Farmers, Indigenous land users come together to launch new land sharing network in Saskatchewan

Much-needed alliance is a concrete step toward land-based reconciliation and implementing the Treaty relationship.

Farmers, ranchers, and Indigenous land users from across Saskatchewan gathered at a farm in Bladworth, SK, today to launch the newly formed Treaty Land Sharing Network (TLSN). The grassroots group is made up of farmers and ranchers who have come together to share land as treaties intended, and to actively welcome Indigenous people to practice their way of life on the land that they farm. Land within the network can be accessed for gathering plants and medicines, hunting, holding ceremony, and other uses.

Over 80 people attended the launch, which included a pipe ceremony organized by the Office of the Treaty Commissioner followed by a lunch and social gathering. Members took home signs to post on their land welcoming Indigenous land users. A directory of land accessible through the network is also now online on the group’s website (treatylandsharingnetwork.ca).

“The Treaty Land Sharing Network is a welcome and much-needed alliance with farmers and ranchers who want to share their land and the medicines that are on it,” says Joely BigEagle Kequahtooway with Buffalo People Arts Institute, who attended the launch. “This is a tangible example of reconciliation in action.”
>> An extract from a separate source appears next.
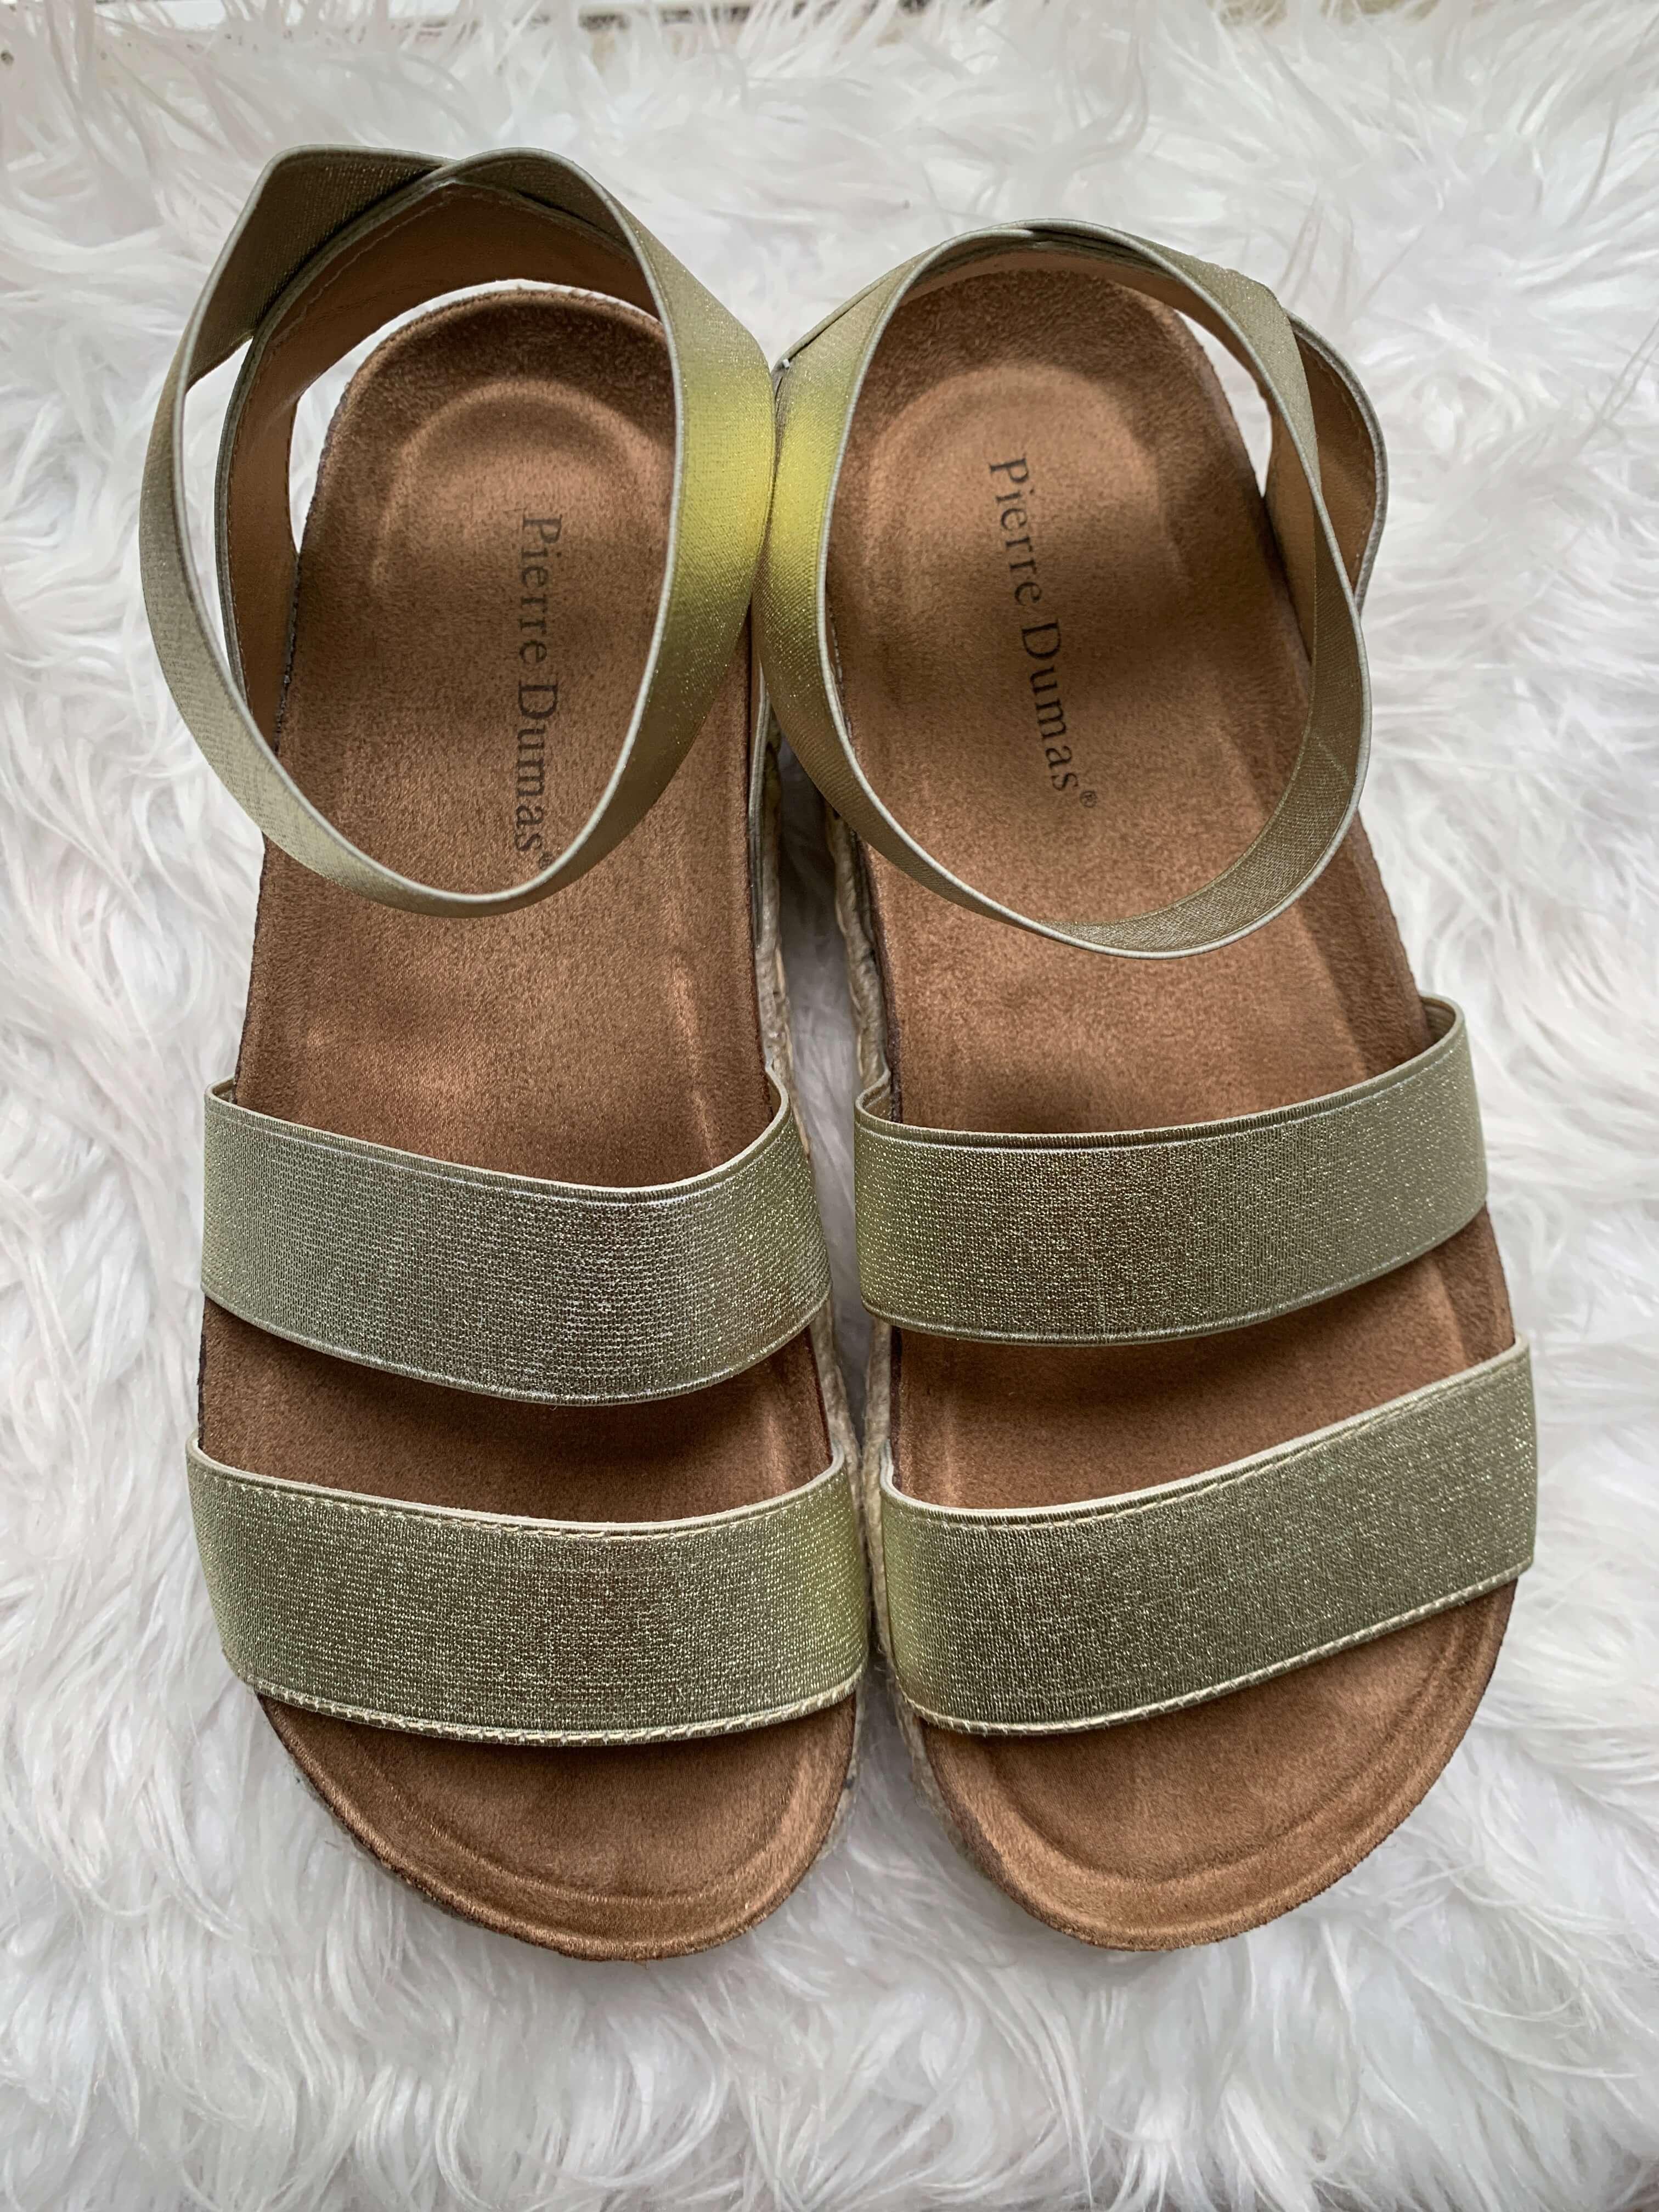 Amazon Fashion Haul | gold espadrille flatform | Style Your Senses

With ongoing privatization of Crown land and stricter trespassing legislation, land access is becoming increasingly difficult for Indigenous people. “Without access to land, we cannot exercise our Inherent rights and meet the needs of our communities,” says Bradley Desjarlais, a hunter and committee member of the Anishnabek Nation Treaty Authority. “The Treaty Land Sharing Network is not only opening access to privately held land, it is opening a possibility to build respectful and positive relationships based on the Treaty principles of mutual respect and mutual benefit.”

For Mary Smillie, who hosted the event at her grain and livestock farm with her husband Ian McCreary, the Treaty Land Sharing Network is an opportunity for people to take action at a grassroots level. “This is a small but important step that we can take as farmers toward upholding our responsibilities as Treaty people,” says Smillie. “It’s something concrete that we can do to begin to build a more just future for the prairies.”
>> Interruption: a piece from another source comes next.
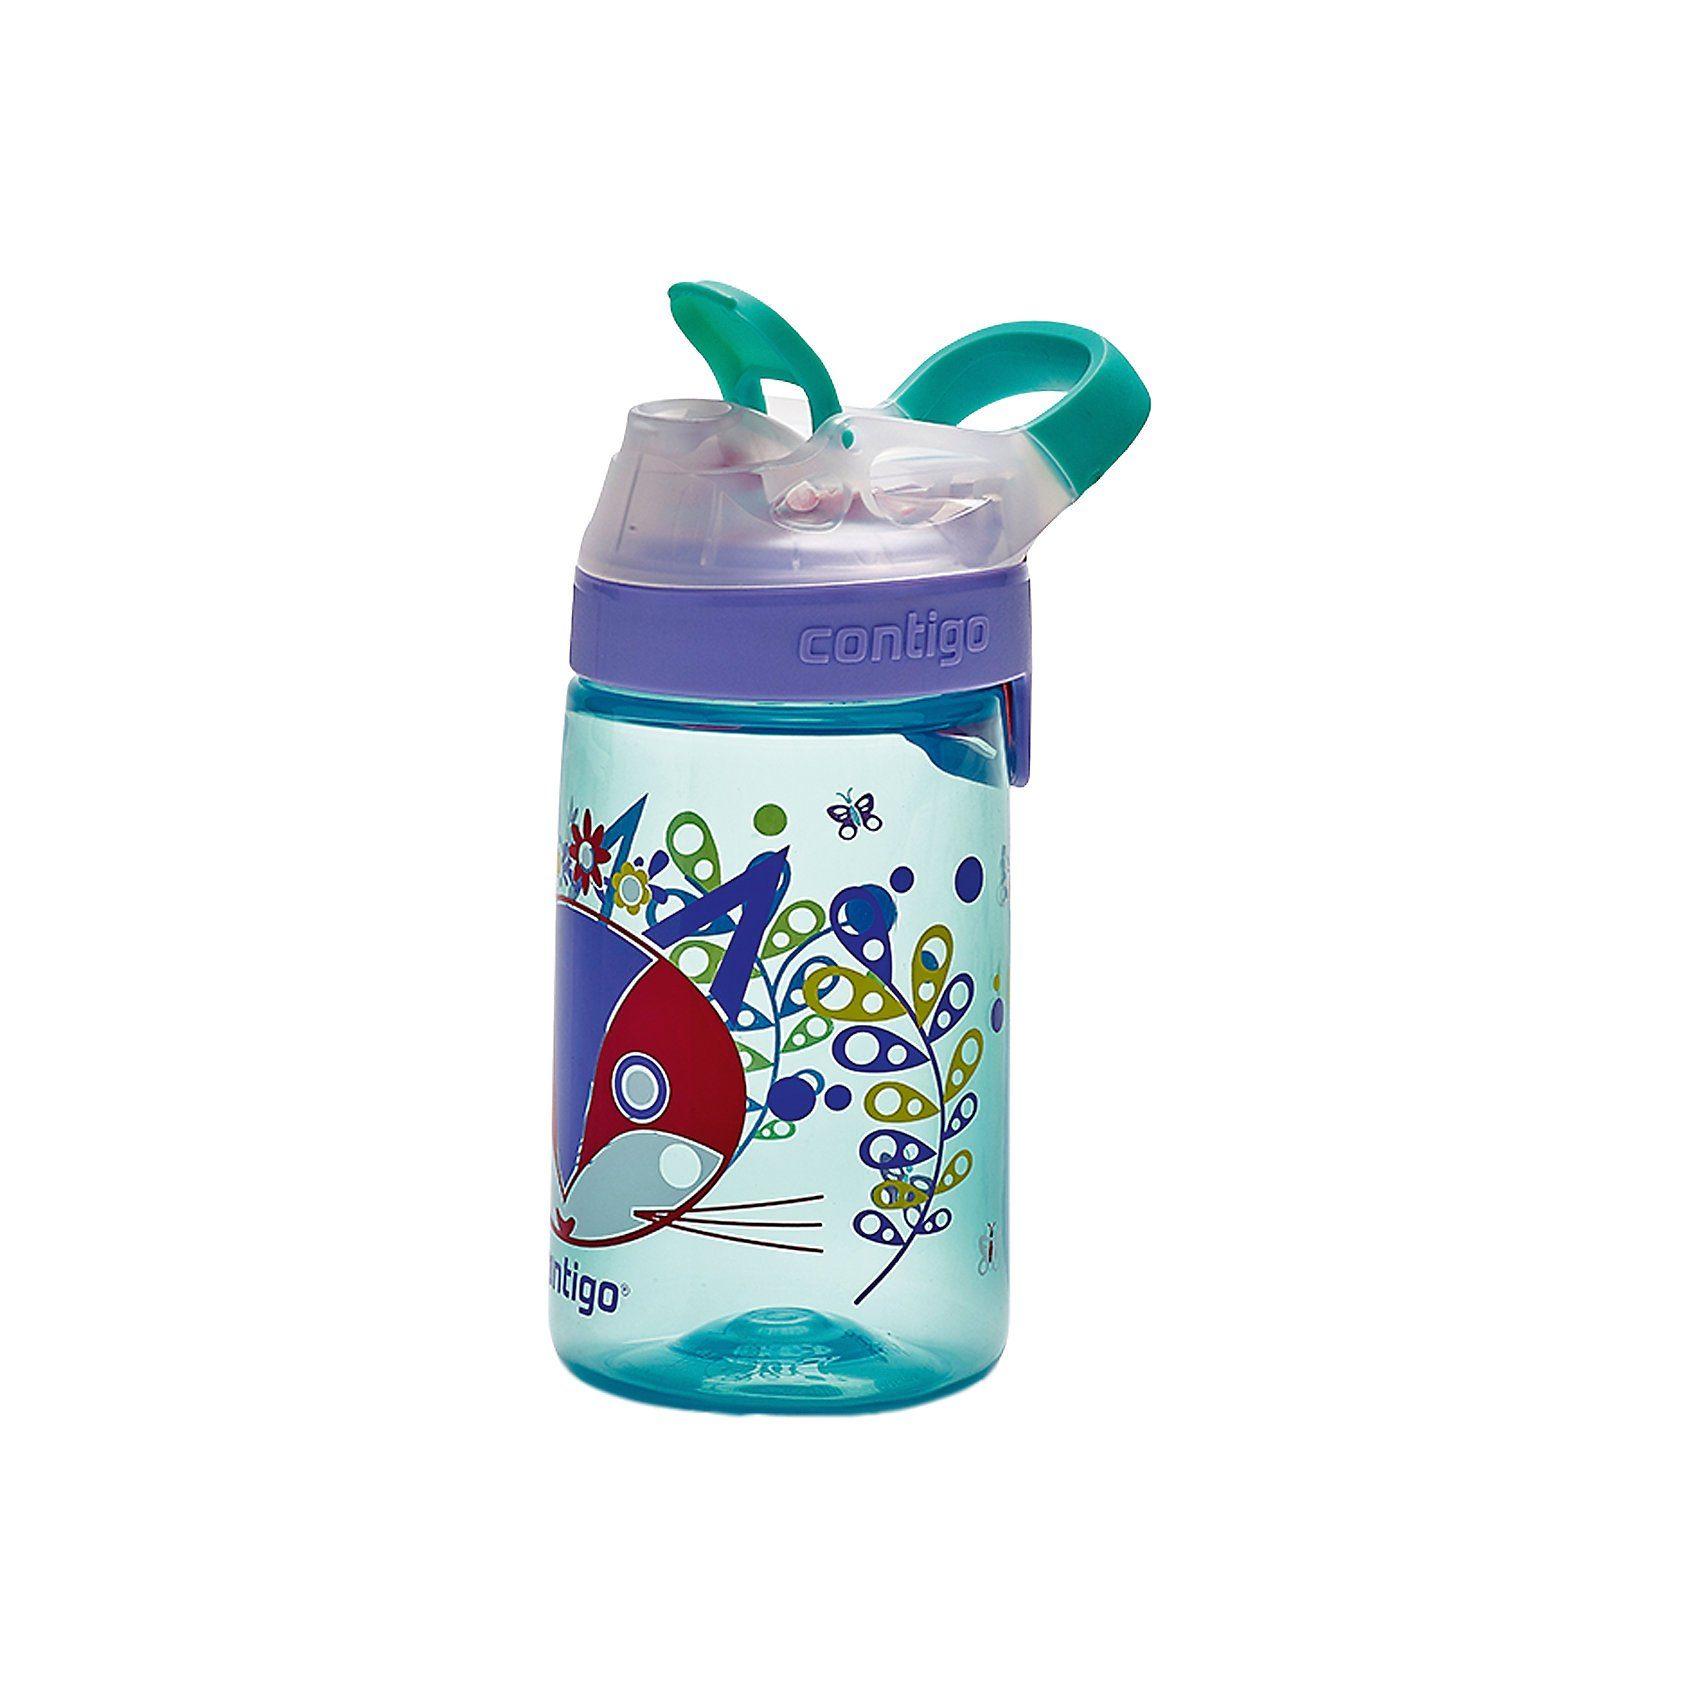 contigo Trinkflasche Gizmo Sip Ultramarine Purrfect, 420 ml

“It is the people who will lead Treaty implementation,” says Treaty Commissioner Mary Culbertson, who attended the launch. “We see that here today.”

Mary Smillie and Ian McCreary post the first Treaty Land Sharing Network sign at their farm in Bladworth, SK, accompanied by Treaty Commissioner Mary Culbertson and Bradley Desjarlais from the Anishnabek Nation Treaty Authority. Photo: Breeana Kateri.

Farmers, ranchers, and Indigenous land users gather for the launch of the Treaty Land Sharing Network at the farm of Mary Smillie and Ian McCreary in Bladworth, SK, on July 15th. Photo: Breeana Kateri.